Repeat the listing that follows character for character, omitting images.

-- Information shown --
+--
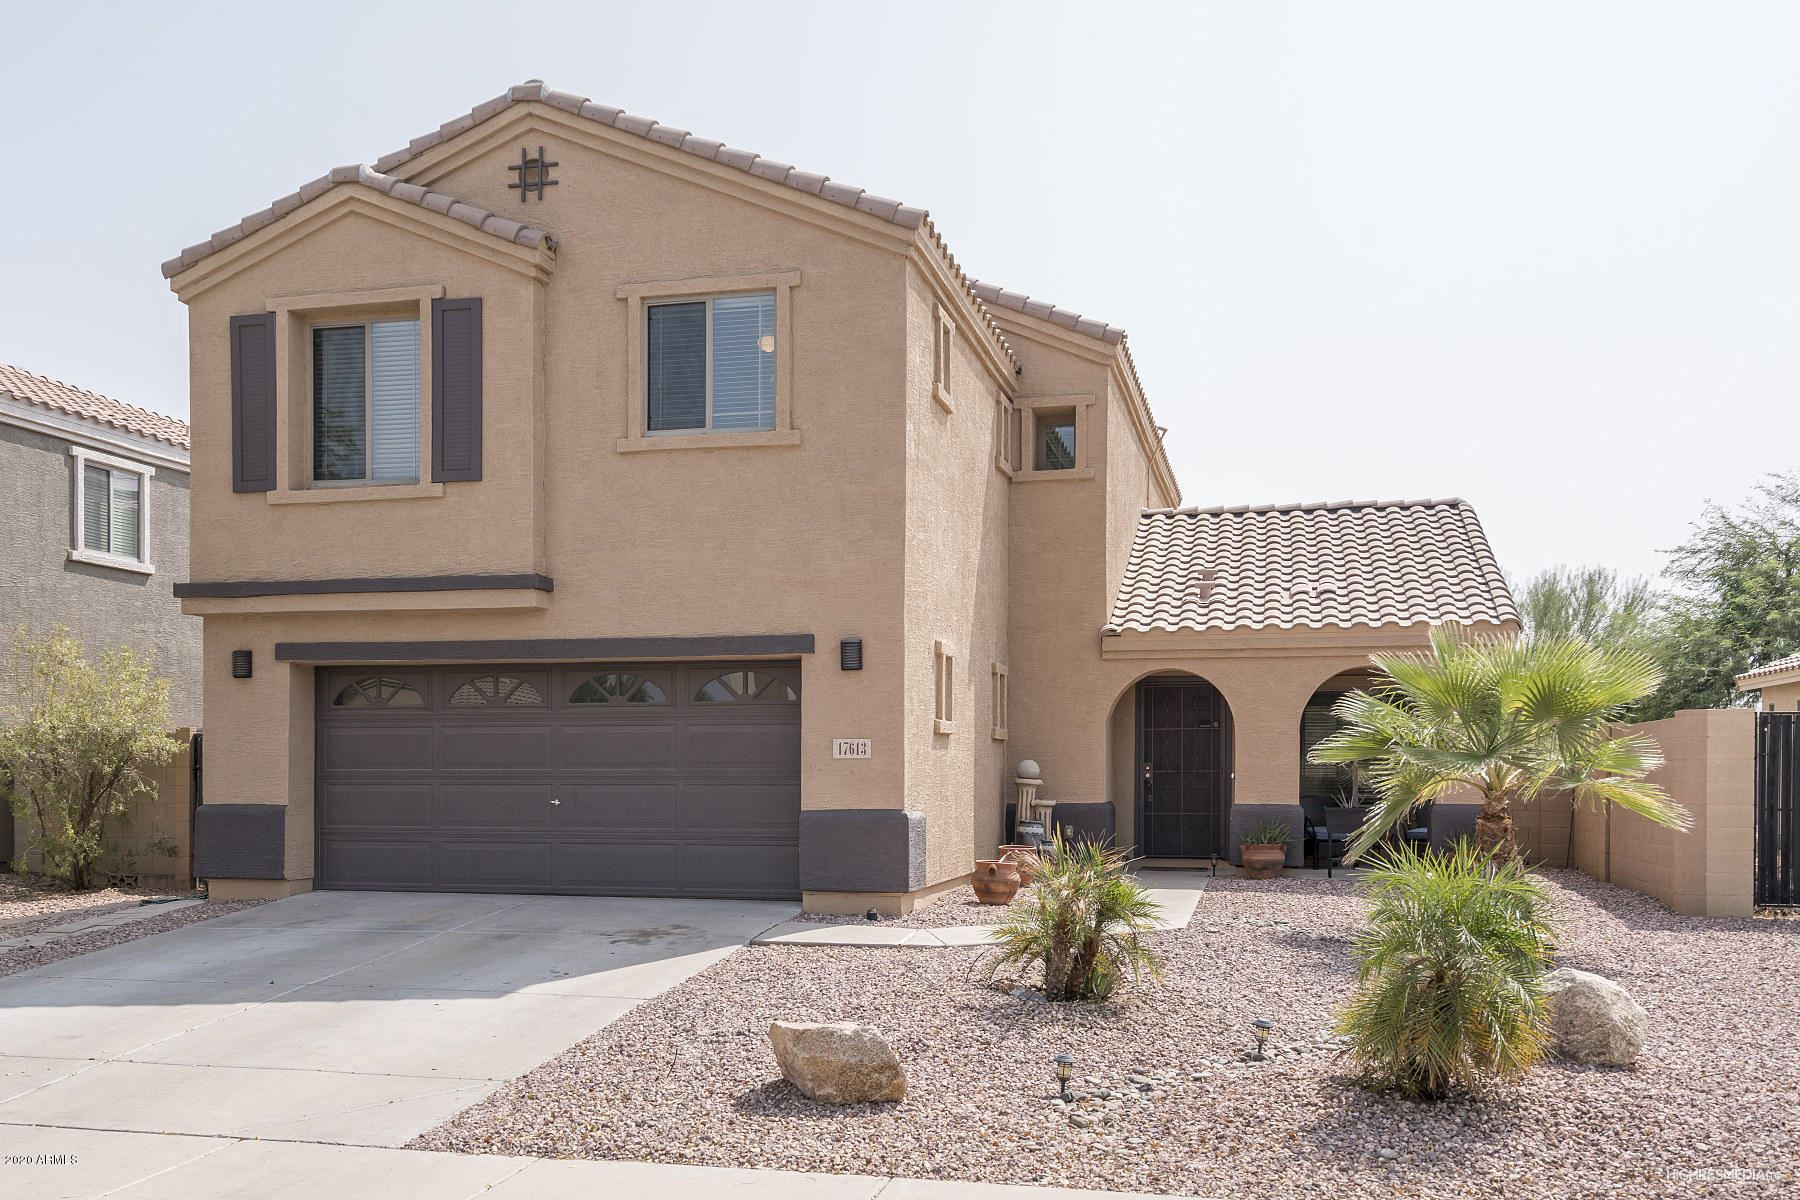 17613 W VENTURA Street, Surprise, AZ 85388 - MLS#: 6135732
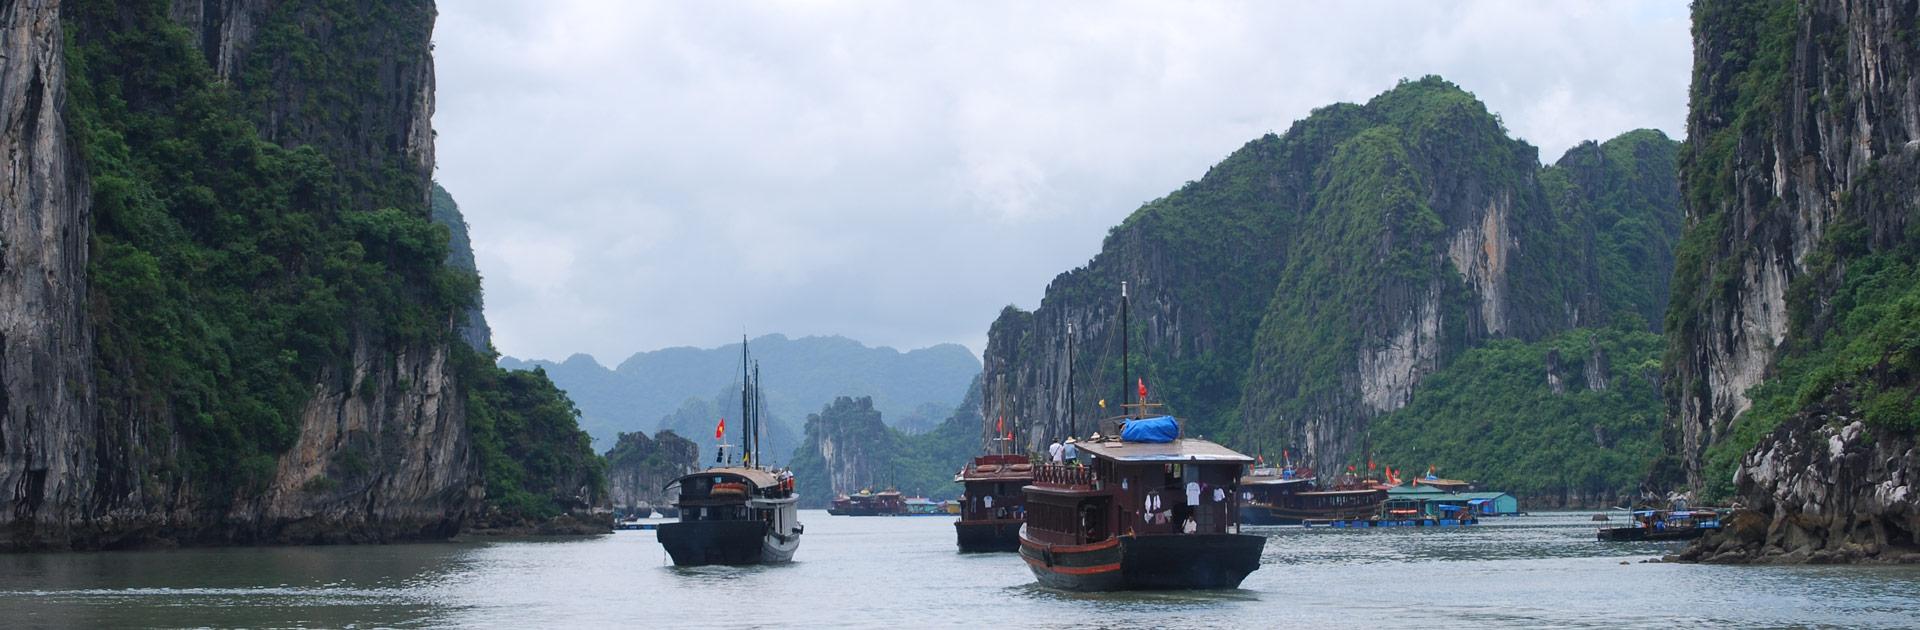 VN Encantos de Vietnam 11 días 1
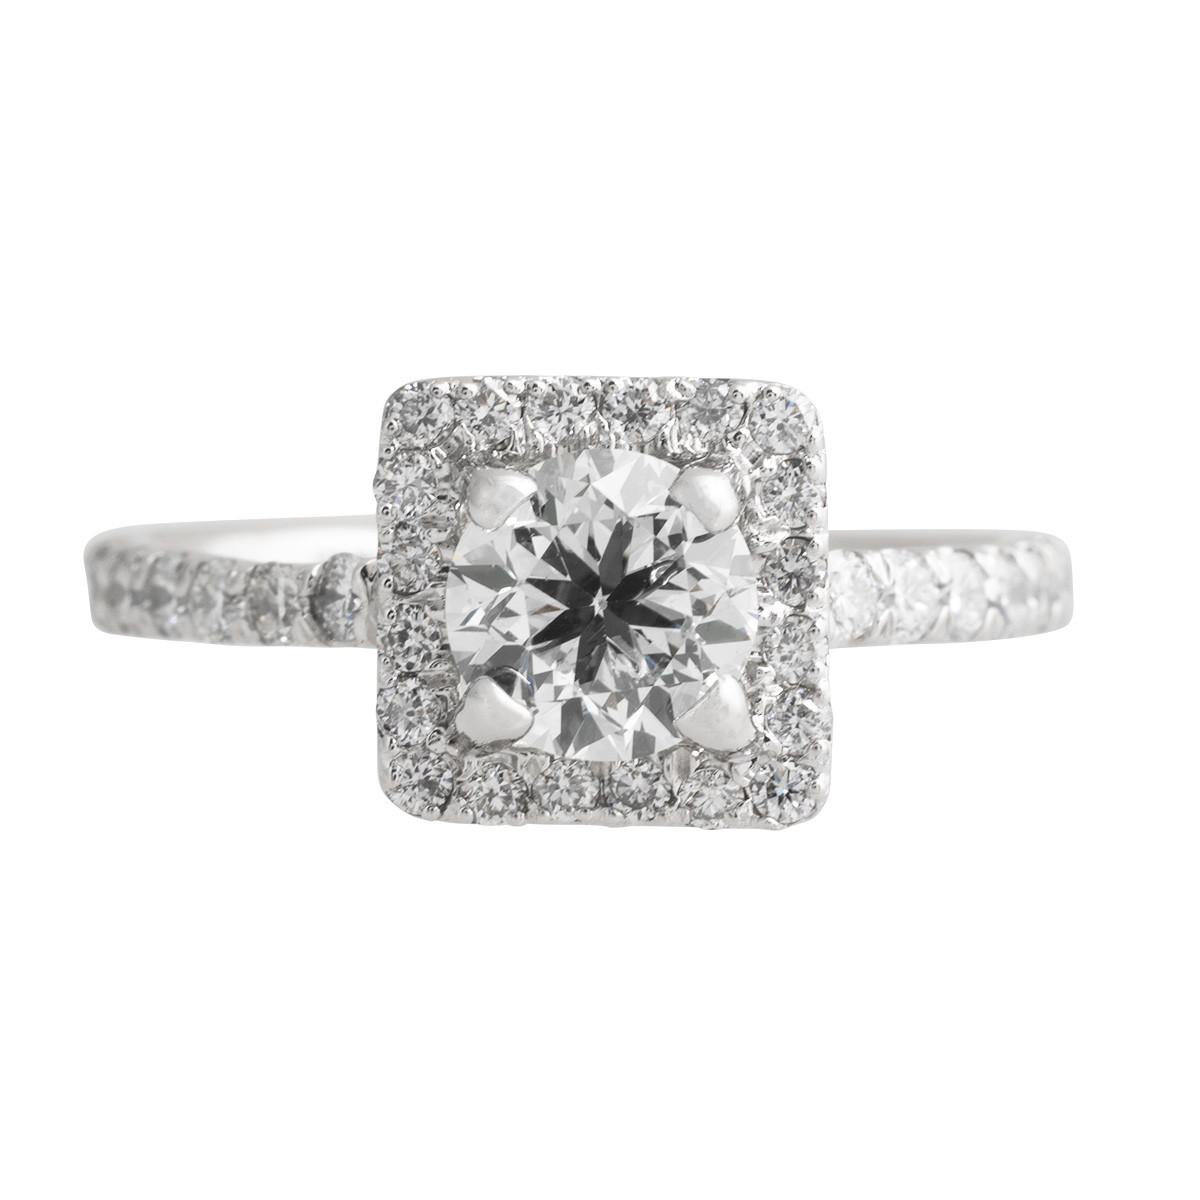 Vintage 1.62 CTW Diamond Halo Engagement Ring
+--
-- Reply to the task --
 17613 W VENTURA Street, Surprise, AZ 85388 - MLS#: 6135732
 VN Encantos de Vietnam 11 días 1
 Vintage 1.62 CTW Diamond Halo Engagement Ring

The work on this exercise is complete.